Wow, check out this reaction to the election of Benedict XVI in the German newsmagazine Der Spiegel. I mean, the editors might as well have assigned a heavily sedated Matthew Fox to write the piece on the election of the first German pope since 1048. The long subhead reads:
Joseph Ratzinger has spent his entire life trying to ignore real life. He has been more successful at doing this in Rome than at home in Germany. Now the world’s Catholics hope that this rigid guardian of the faith will transform himself into a good shepherd.
The portraiture of the pope in his previous life is so shaded that it often veers into caricature. We read about Ratzinger the borderline autistic worker:
Every day at precisely the same time, Joseph Ratzinger would leave the apartment, carrying his briefcase in his left hand, and walk diagonally across St. Peter’s Square to his office . . .
Ratzinger the monomaniac:
“He could write as if possessed, spending 12 or 13 hours without eating,” says a [quasi-anonymous] priest . . . “The sisters would put sandwiches on his desks, only to find hours later that they hadn’t been touched.”
Ratzinger the German out of step with the march of his fellow countrymen:
There was apparently only one German cardinal who voted for Ratzinger in the first round of the election: Joachim Meisner, the ultraconservative Archbishop of Cologne, unpopular with many in his diocese.
Ratzinger the young theological radical:
He was called the “teen-ager” of the [Second Vatican] Council.
Ratzinger the wimpy neoconservative:
At some point he heard his own students utter the scandalous words: “Jesus be damned.” Horrified, he left Tuebingen for a position at the more conservative and tranquil University of Regensburg. . . .
He has inherited St.

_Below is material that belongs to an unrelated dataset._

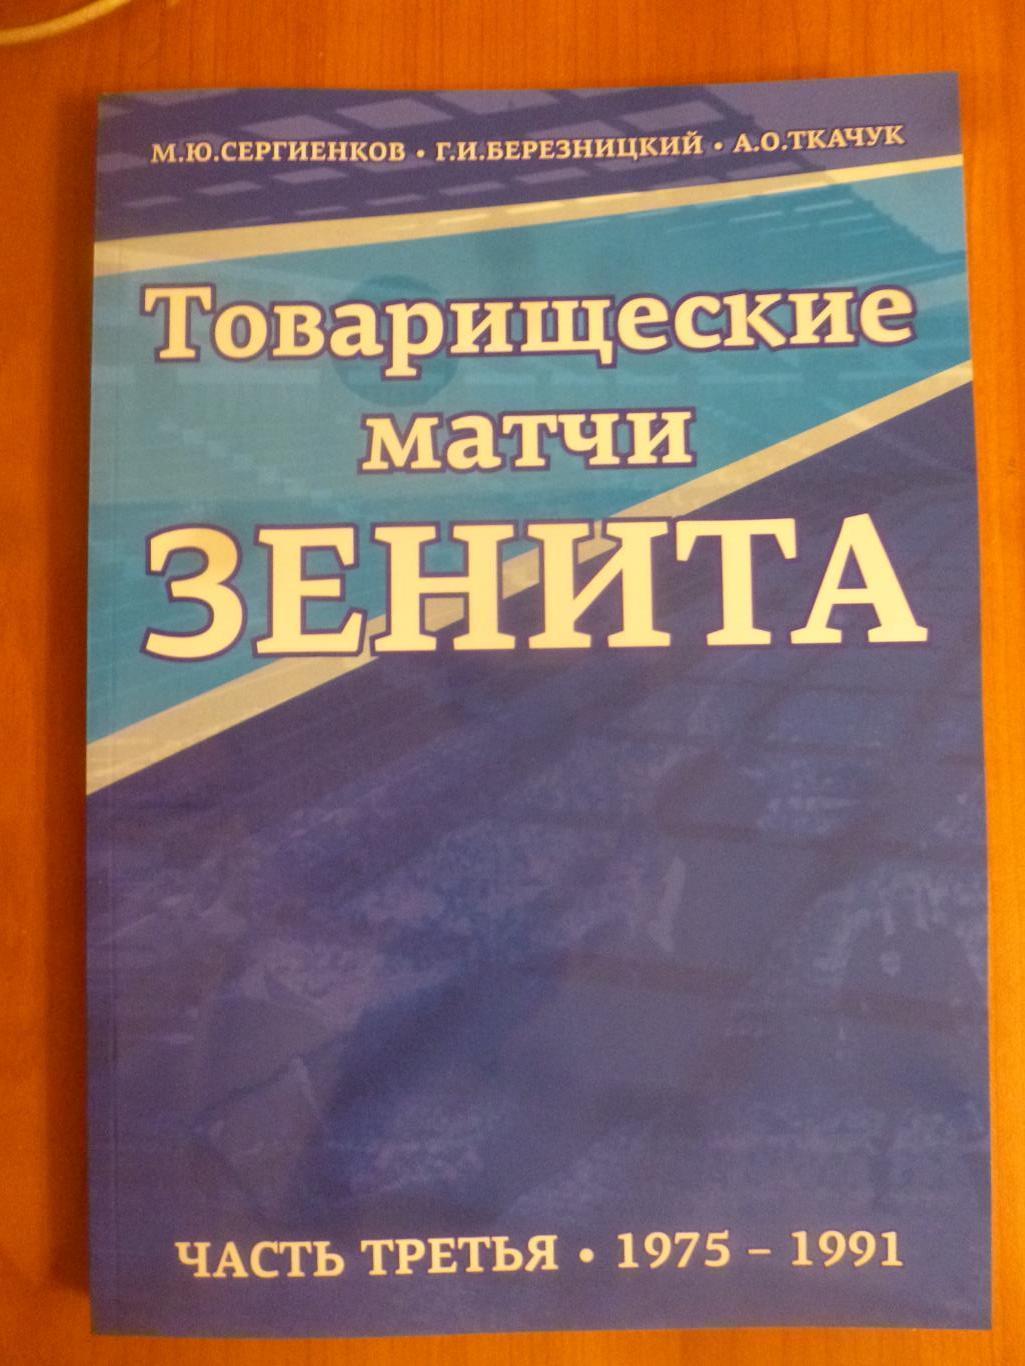 Книга Товарищеские матчи Зенита. Часть 3 (1975-1991). Новинка!!!*

Augustine’s theological pessimism, his conviction that there is no real future when it comes to earthly matters. In this world view, neither history nor nature can offer any hope or expectation, and nothing good can be expected to transpire in the world beyond the walls of the Church and the Vatican, especially when that world is represented by shabbily dressed, unshaven students calling for revolution in the name of Karl Marx and Jesus Christ.
And, finally, Ratzinger the preacher to whom grace has become a foreign concept:
Even his last sermon before the conclave was harsh and didactic. As in the past, man is delegated to the sidelines in Ratzinger’s perspective. And as he had done so many times before — and perhaps for the last time? — he claimed that Jesus died for the truth, not for our sins. Indeed, one of the Church’s main functions is to continue repeating this message, always in a fresh and timely manner. (Emphasis added.)
I hardly know where to start here, but in the interest of brevity, I’ll stick to the claim highlighted in the last paragraph as a great example of how the Der Spiegel writers fail to . . . get religion.
In his final homily before Joseph Cardinal Ratzinger became Pope Benedict XVI, he said, in part,
Saint Peter says: “He himself bore our sins in His body upon the cross.” And Saint Paul writes in his letter to the Galatians: “Christ ransomed us from the curse of the law by becoming a curse for us, for it is written, ‘Cursed be everyone who hangs on a tree,’ that the blessing of Abraham might be extended to the Gentiles through Christ Jesus, so that we might receive the promise of the Spirit through faith.”